=== Begin Enclosure ===

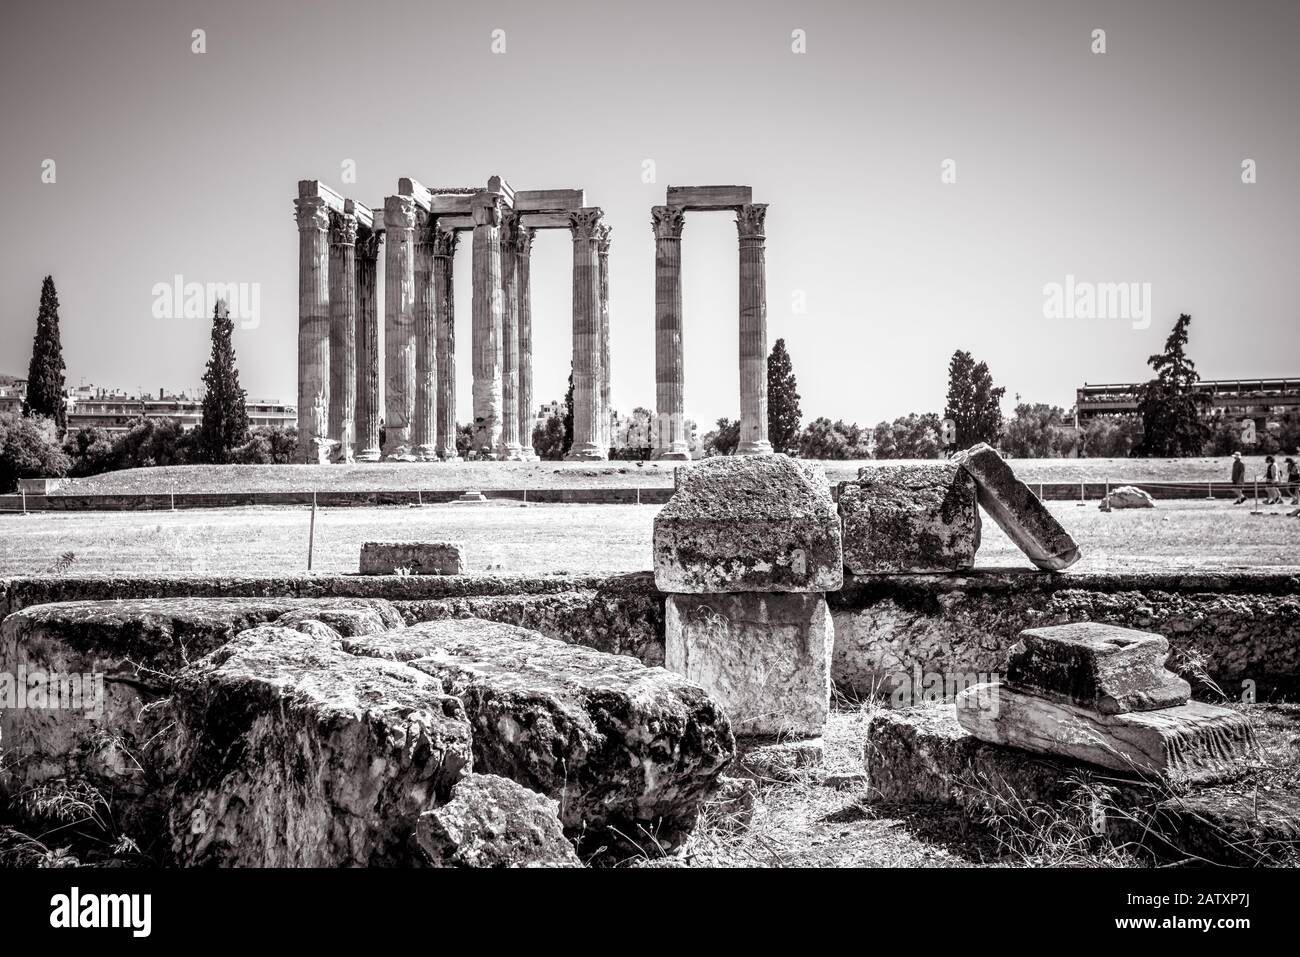 Ancient Greek ruins overlooking the Temple of Olympian Zeus, Athens, Greece. Famous Temple of Zeus or Olympieion is one of the main landmarks of Athen Stock Photo
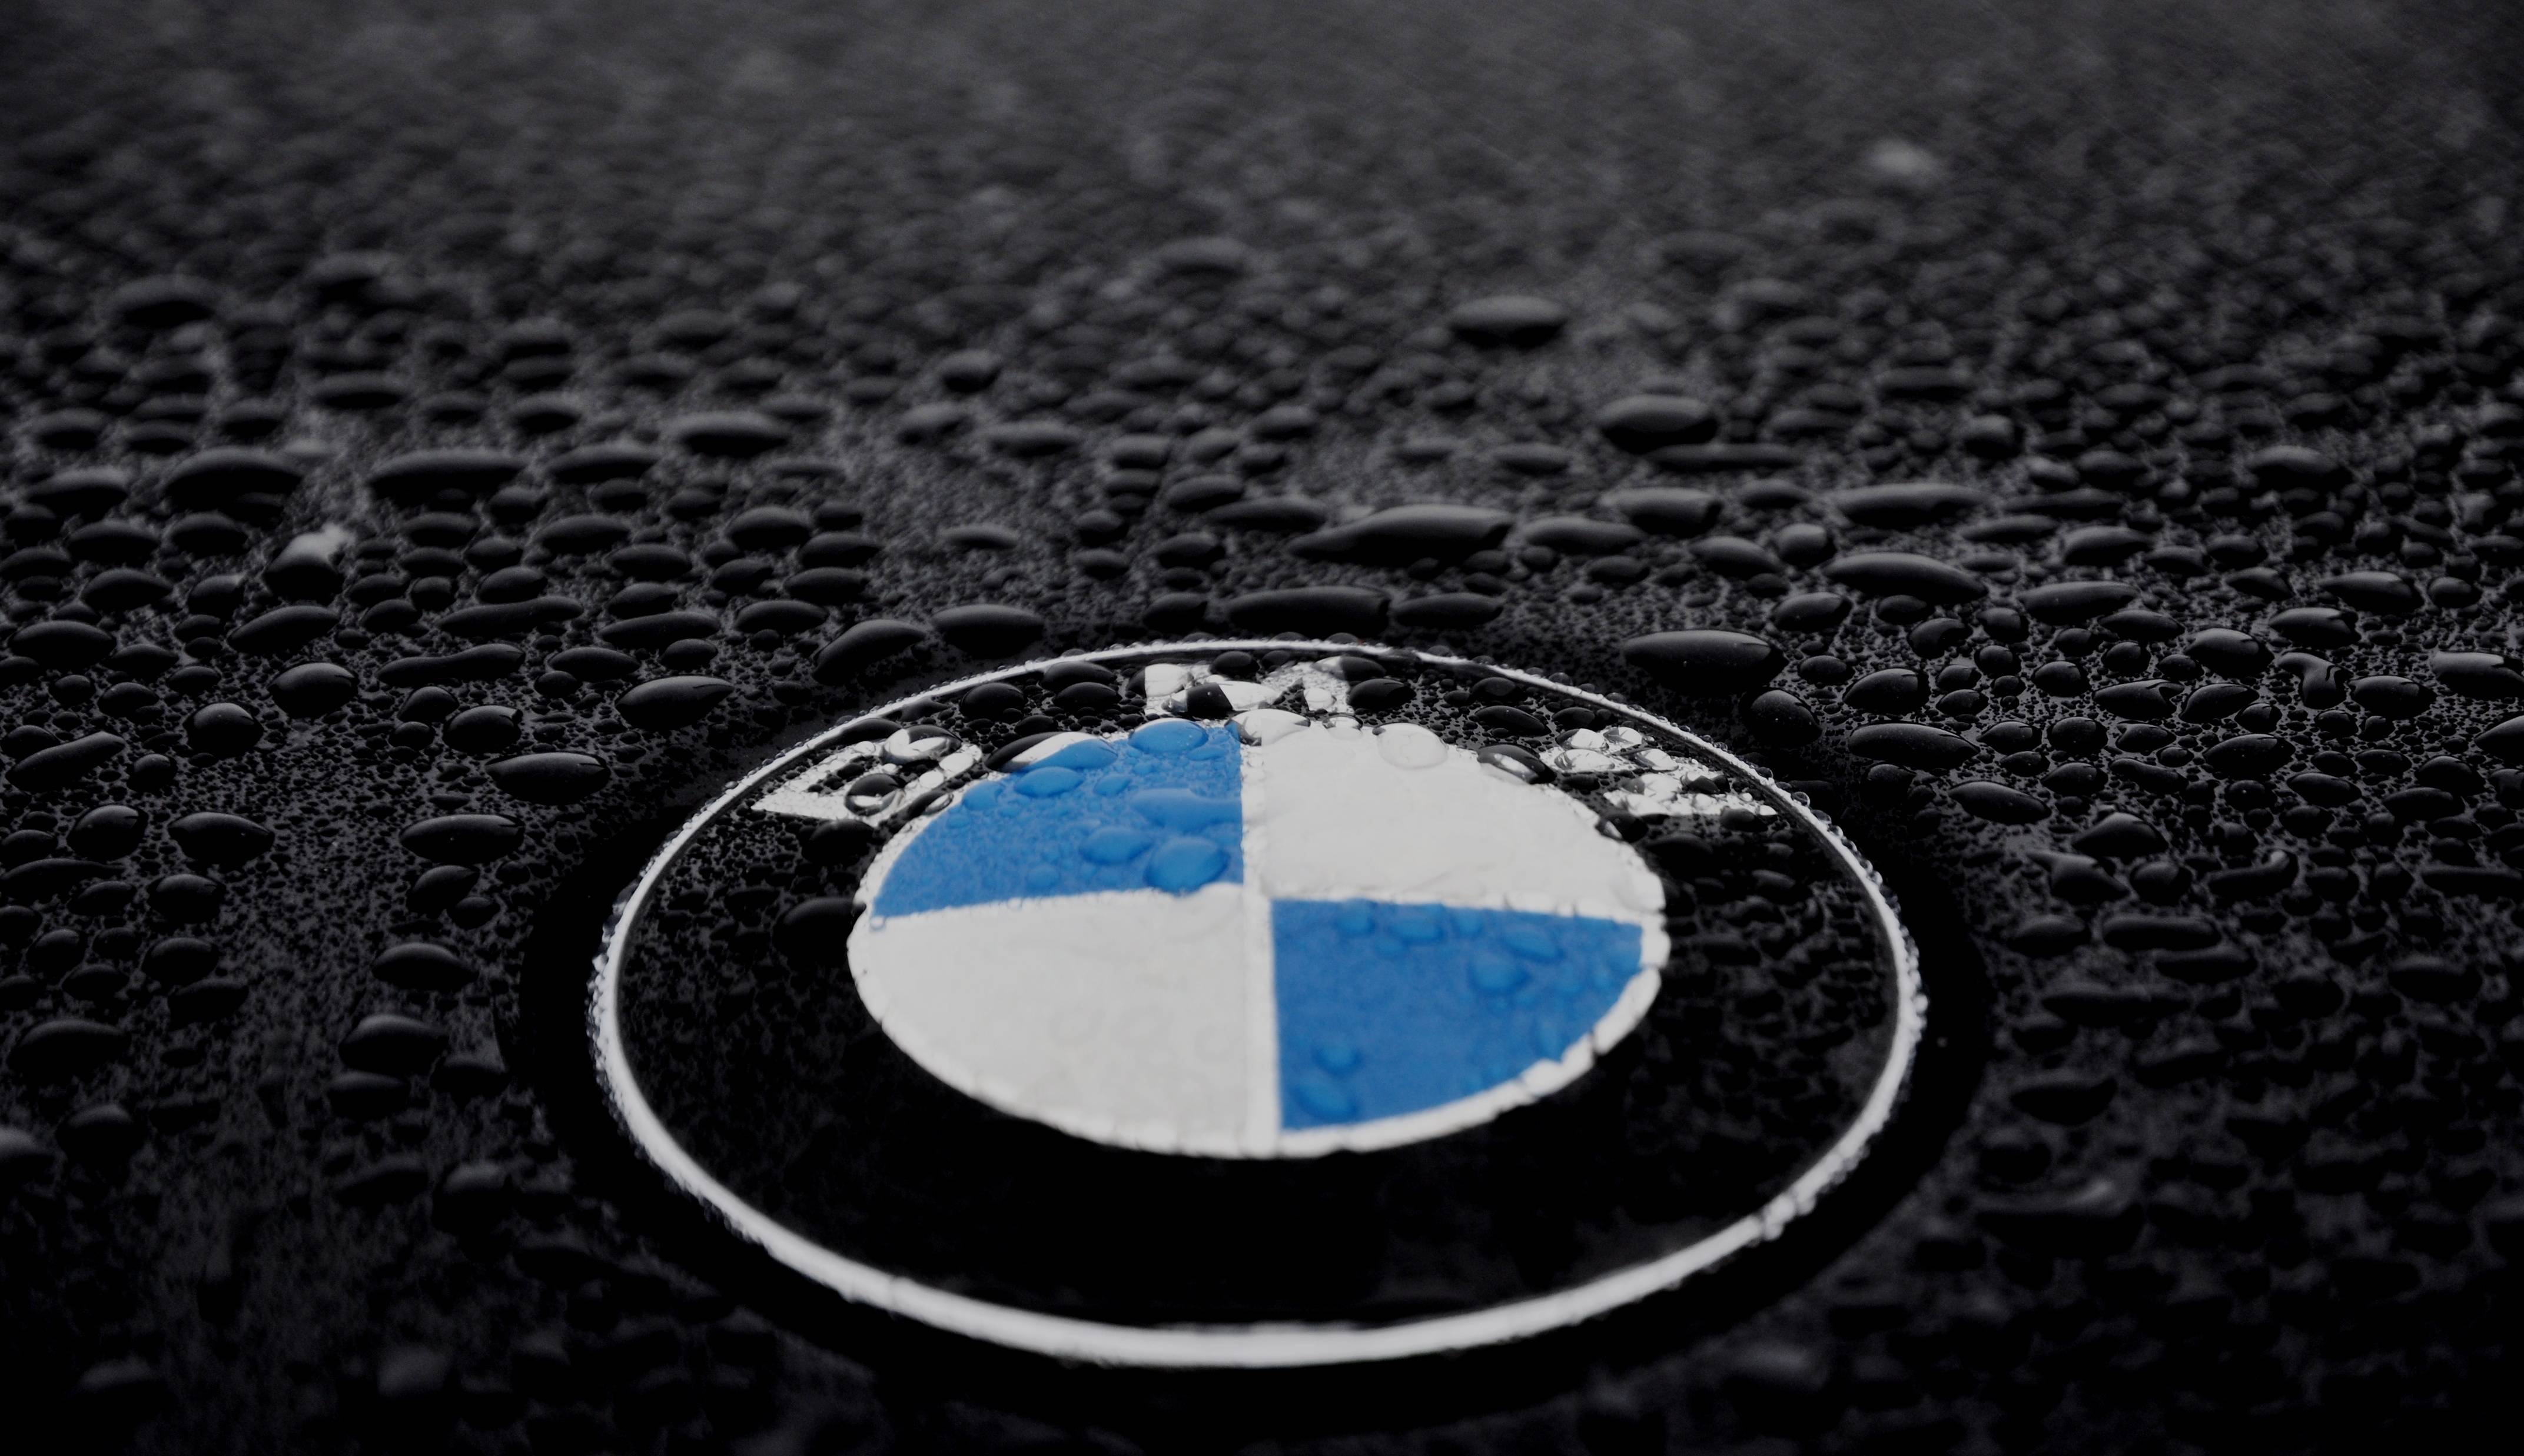 bmw logo cars best cool wallpapers | Desktop Backgrounds for Free ...
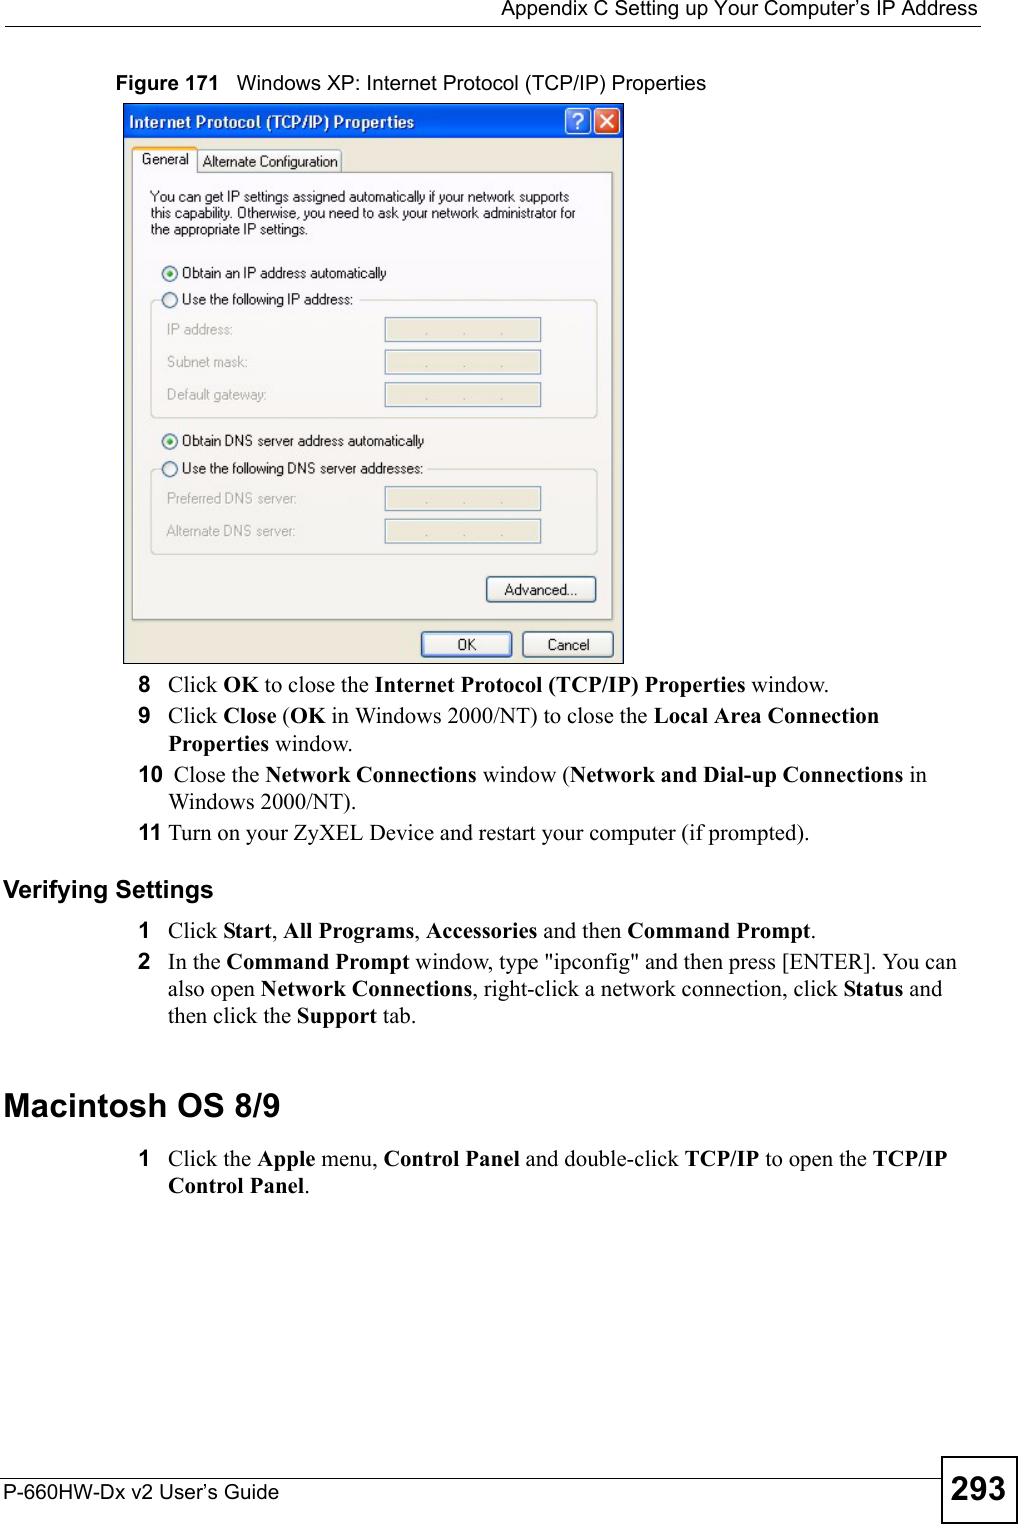  Appendix C Setting up Your Computer’s IP AddressP-660HW-Dx v2 User’s Guide 293Figure 171   Windows XP: Internet Protocol (TCP/IP) Properties8Click OK to close the Internet Protocol (TCP/IP) Properties window.9Click Close (OK in Windows 2000/NT) to close the Local Area Connection Properties window.10  Close the Network Connections window (Network and Dial-up Connections in Windows 2000/NT).11 Turn on your ZyXEL Device and restart your computer (if prompted).Verifying Settings1Click Start, All Programs, Accessories and then Command Prompt.2In the Command Prompt window, type &quot;ipconfig&quot; and then press [ENTER]. You can also open Network Connections, right-click a network connection, click Status and then click the Support tab.Macintosh OS 8/9 1Click the Apple menu, Control Panel and double-click TCP/IP to open the TCP/IP Control Panel.
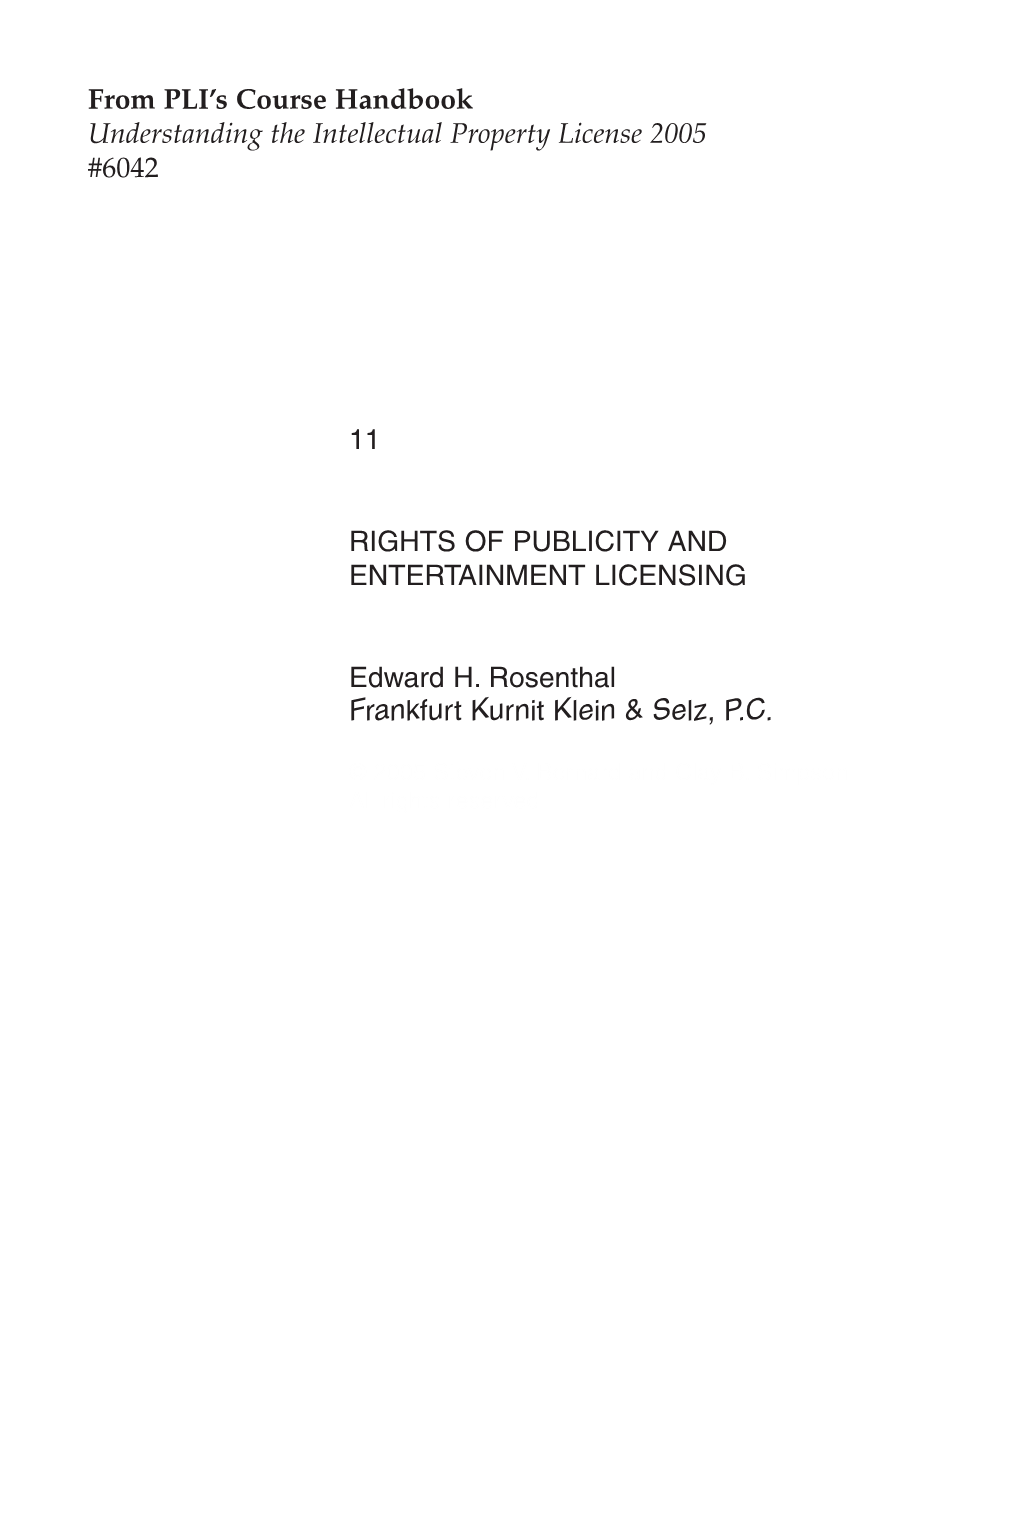 Rights of Publicity and Entertainment Licensing

=== End Enclosure ===

* [Activity]
Would you return the whole listing above exactly as written, skipping any image?

* [Solution for this task]
 Ancient Greek ruins overlooking the Temple of Olympian Zeus, Athens, Greece. Famous Temple of Zeus or Olympieion is one of the main landmarks of Athen Stock Photo
 bmw logo cars best cool wallpapers | Desktop Backgrounds for Free ...
  Appendix C Setting up Your Computer’s IP AddressP-660HW-Dx v2 User’s Guide 293Figure 171   Windows XP: Internet Protocol (TCP/IP) Properties8Click OK to close the Internet Protocol (TCP/IP) Properties window.9Click Close (OK in Windows 2000/NT) to close the Local Area Connection Properties window.10  Close the Network Connections window (Network and Dial-up Connections in Windows 2000/NT).11 Turn on your ZyXEL Device and restart your computer (if prompted).Verifying Settings1Click Start, All Programs, Accessories and then Command Prompt.2In the Command Prompt window, type &quot;ipconfig&quot; and then press [ENTER]. You can also open Network Connections, right-click a network connection, click Status and then click the Support tab.Macintosh OS 8/9 1Click the Apple menu, Control Panel and double-click TCP/IP to open the TCP/IP Control Panel.
 Rights of Publicity and Entertainment Licensing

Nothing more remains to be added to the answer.